Ему нравилась отвага венгров, хотя он и сомневался в их любви к миру. И предчувствовал последствия безумных чардашей. Когда же из надежд 1848 года вновь вылупились автократы, цари, императоры и цензура, а пролетарии всех стран считали работу местом работы, а не результатом или же достижением, Гавличек не снижал голоса, только прикладывал больше точности в высказывания. В качестве реакции на эндемический антисемитизм чешской деревни он отваживался требовать еще и равноправия евреев, и терпимости от чехов.
Понятно, что в данной ситуации все время росло его одиночество. В особенности же тогда, когда во Франции очередной Наполеон пожрал очередную республику и превратил ее в империю, которая мешала Европе столь же сильно, как и проект его дяди, хотя уже и не обладала силой предыдущей. Но новый австрийский император, восемнадцатилетний любитель мундиров, ухватил ветер в паруса, чтобы действовать в венском стиле, и навязал стране конституцию, созданную исключительно чиновниками.
И в этот момент Гавличек сориентировался, что стоит на распутье, а риск свободы требует пожертвовать всем. Потому что, когда вчерашние "духи свободы" начали терять голос, увиливать и увтверждать, что они "вообще-то, не при чем…", то умеренность Гавличека неожиданно делалась радикальной. Это будило и уважение, и страх.
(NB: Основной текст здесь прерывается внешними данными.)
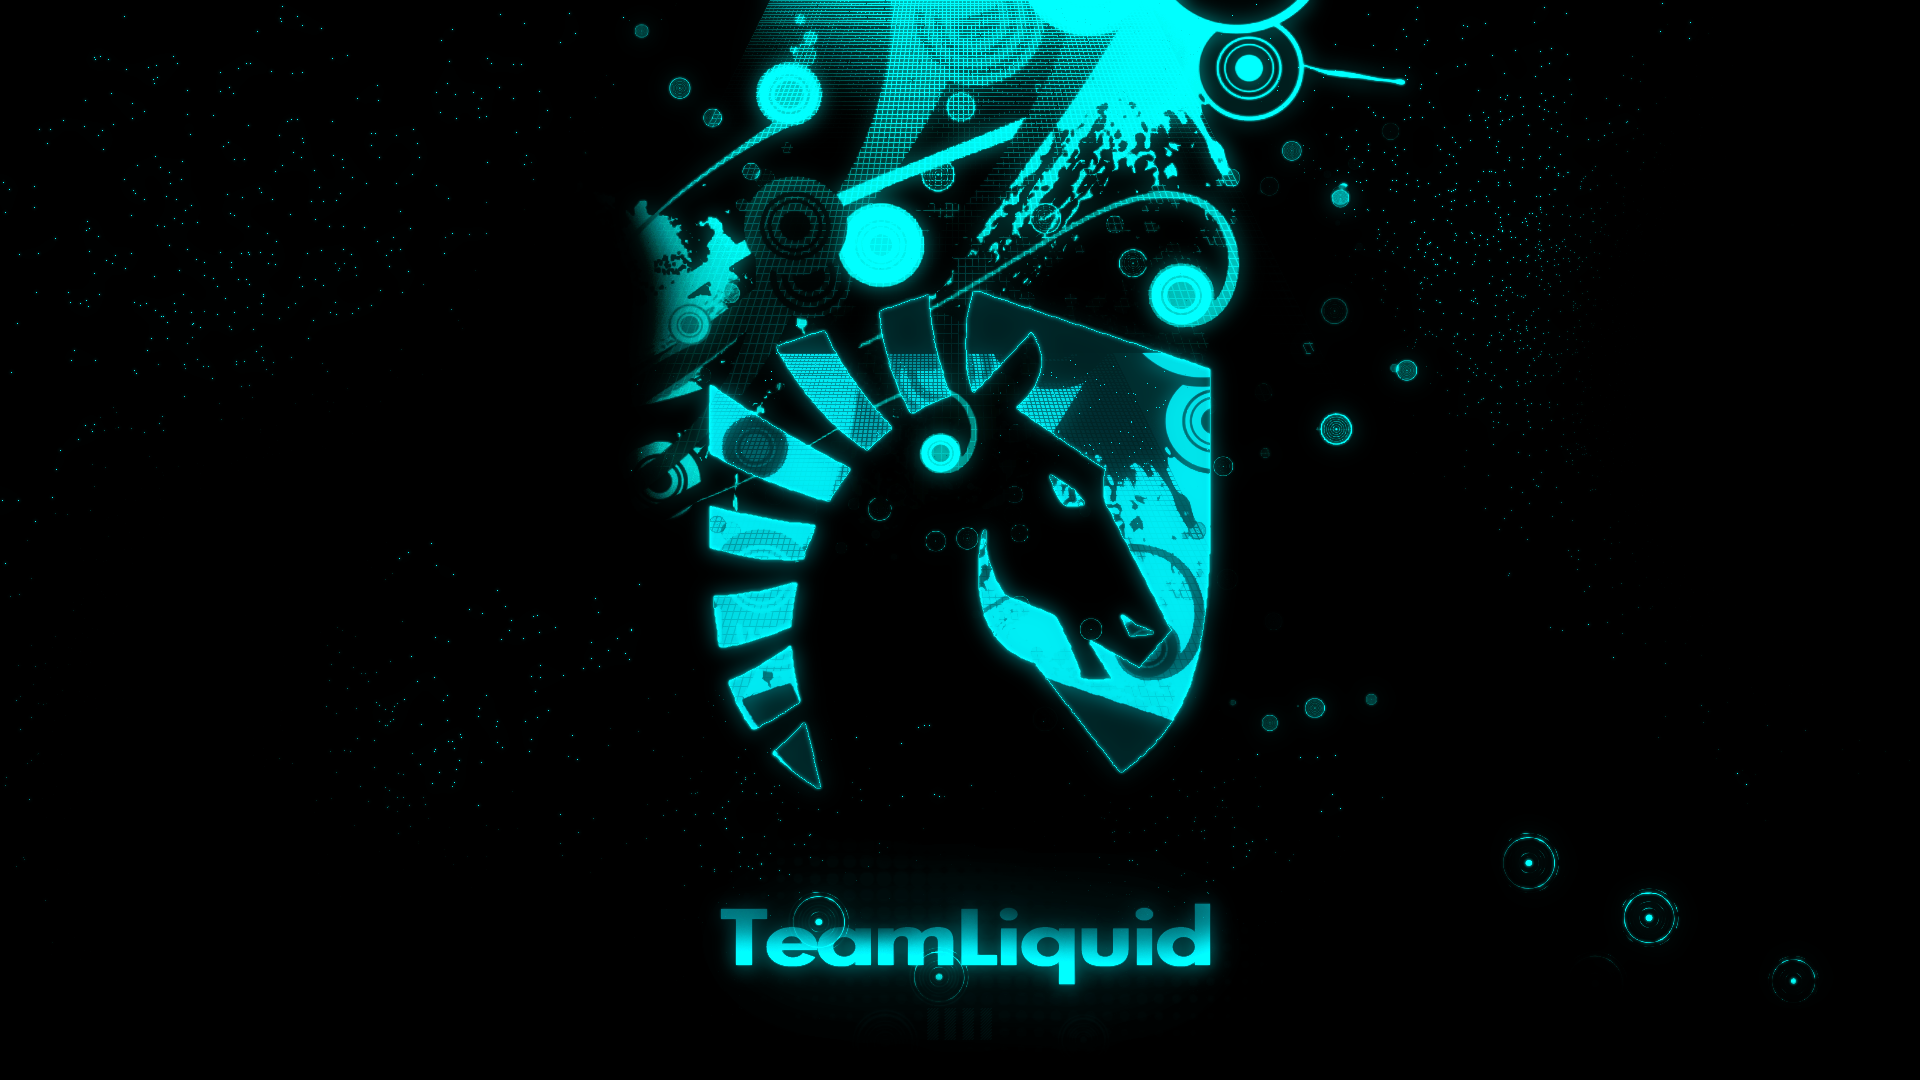 Team liquid wallpaper

Вернувшийся к жизни режим сразу же заметил, что этот вот чех выкопал из земли нечто такое, что сегодня называлось бы medienpool (медиа-пул — нем.). Так что поначалу Гавличека начали испытывать, а нельзя ли его привлечь для какой-нибудь "нормализации", не продаст ли он свою газету за приличные деньги. Подобного рода предложения сменялись угрозами, шантажом и облавами.